The $25 cap
Section 274(b) limits the deduction for business gifts to $25 per recipient per tax year. Incidental costs like wrapping, engraving, mailing, and insurance are not counted toward the $25 limit. Each spouse and family member is treated as the same recipient if both have a business connection to you.
Promotional items not subject to limit
Branded promotional items (calendars, pens, notepads) costing $4 or less per item are not subject to the $25 limit. Items with your name or logo prominently displayed and distributed widely (not directed to a specific recipient) are advertising, not gifts.
Entertainment vs gift
Tickets to a sporting event, concert, or theater performance can be treated as either entertainment (now non-deductible) or as a gift. The 2017 TCJA disallowed the entertainment deduction, so the only way to deduct tickets is to characterize them as a gift, capped at $25.
Substantiation
Records must show the cost, date, description of the gift, business purpose, and business relationship of the recipient. The $25 limit makes this an unforgiving area — better to track each gift in a small log than to estimate at year-end.
Where it goes
Most filers report business gifts on Schedule C line 27 ("Other expenses") with a labeled detail. The annual total is small for most businesses, but the substantiation discipline matters in audit.

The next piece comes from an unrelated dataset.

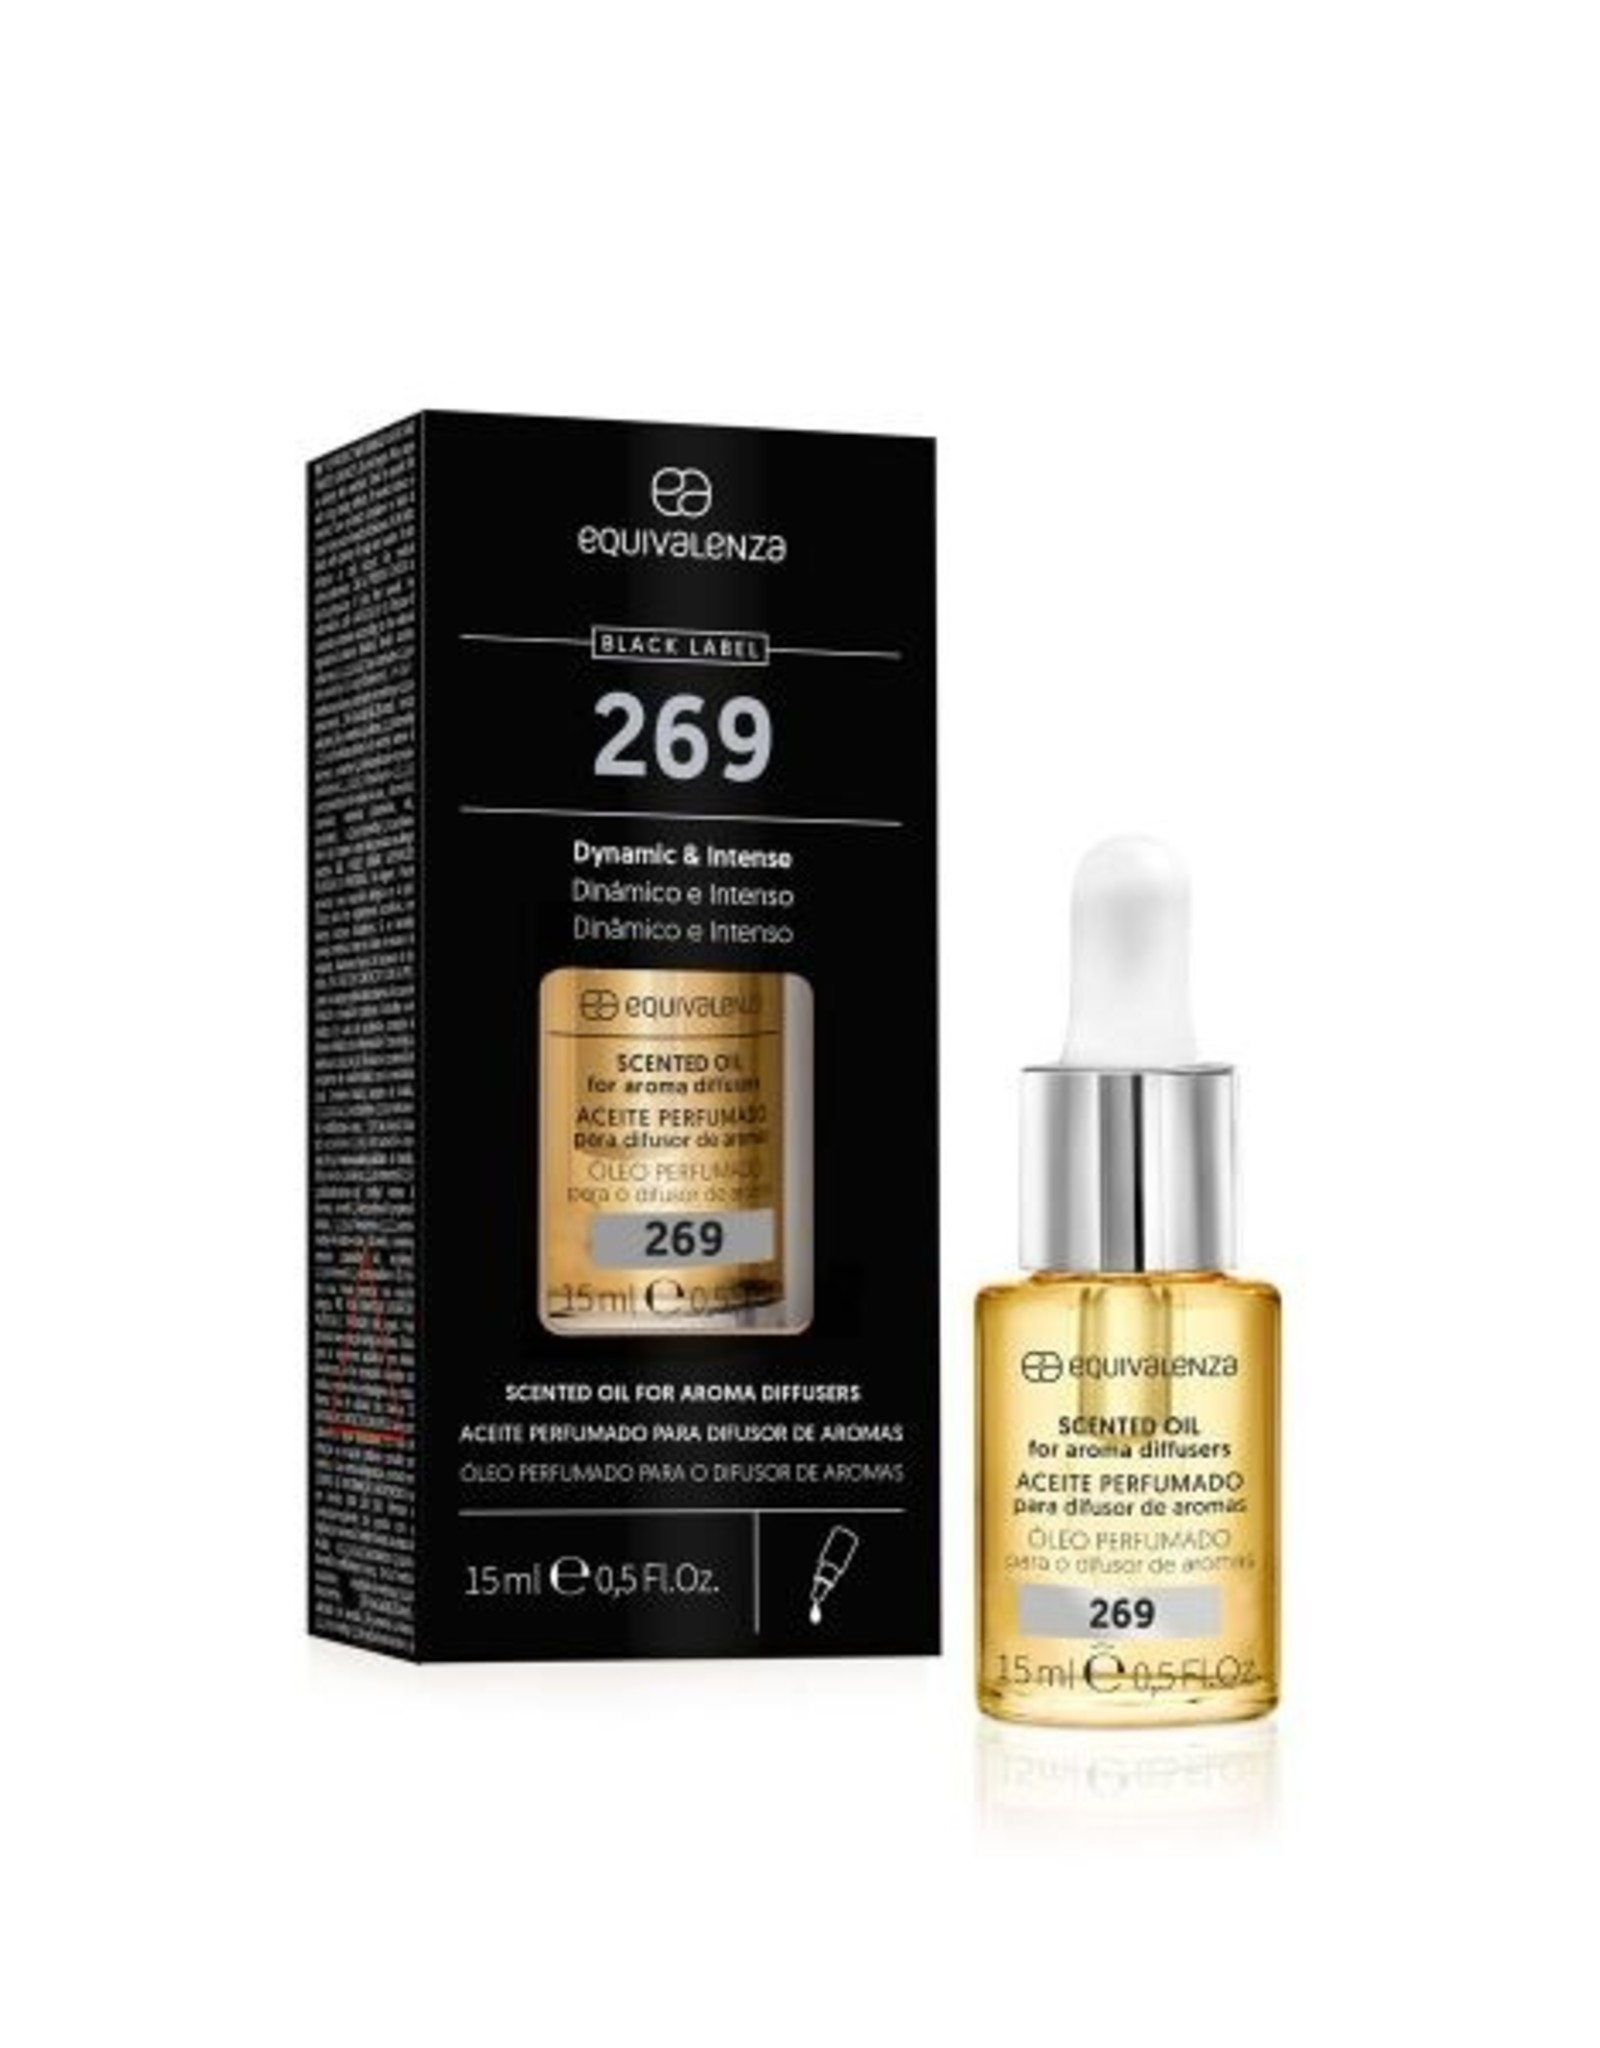 Equivalenza Huile Parfumée Hydrosoluble – Black Label nº 269
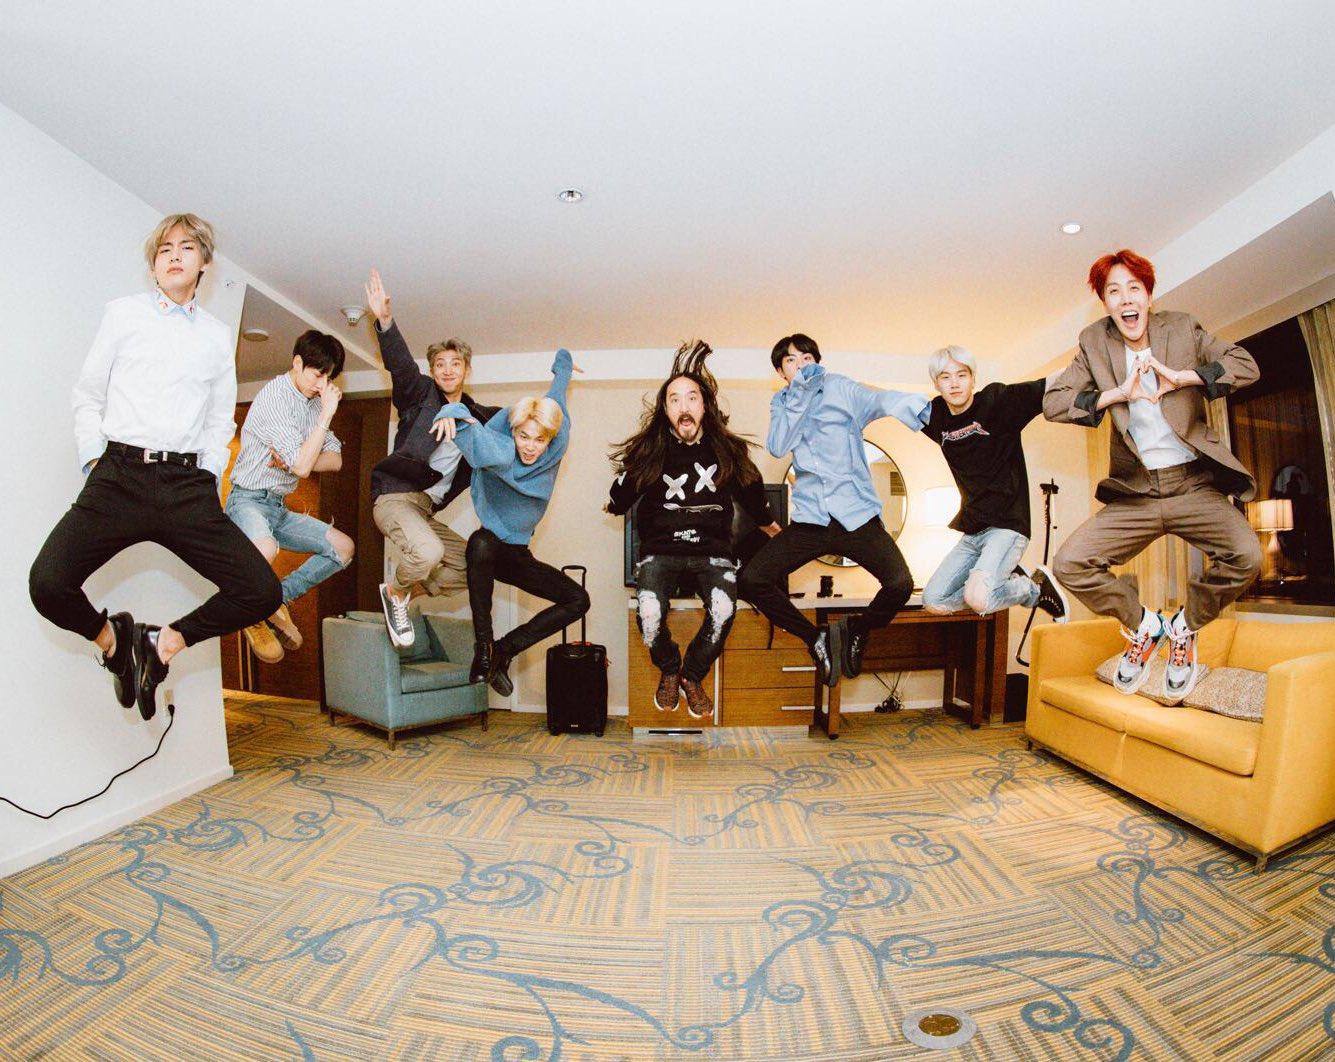 #aokijump #843. The Aoki x @BTS_twt #MicDropRemix Jump.  Los Angeles CA. Nov 20 2017. https://t.co/tLkLrUGVfP

Where this fits in the larger Schedule C picture
Schedule C has more than two dozen named expense lines plus an "Other expenses" catch-all. For most small businesses, four or five lines drive the bulk of the deduction total — vehicle, home office, depreciation, contract labor or wages, and supplies — and the remaining lines individually contribute small amounts that nevertheless add up. Treating each named line as a recurring decision rather than an afterthought, and revisiting the categories each January, often surfaces $2,000–$5,000 in additional legitimate deductions that a less disciplined process would have missed entirely.
Documentation that survives an exam
An IRS examination of this deduction will request three things: proof of payment (bank or card statement), proof of the underlying transaction (invoice or receipt), and proof of business purpose (a contemporaneous note or calendar entry). The first two are usually trivial to produce; the third is where most filers fall short. Capturing business purpose at the moment of the expense — a one-line note in your bookkeeping software or a category and memo on the receipt-capture app — converts a generic charge into a documented deduction that will withstand scrutiny three to six years later when memory has faded.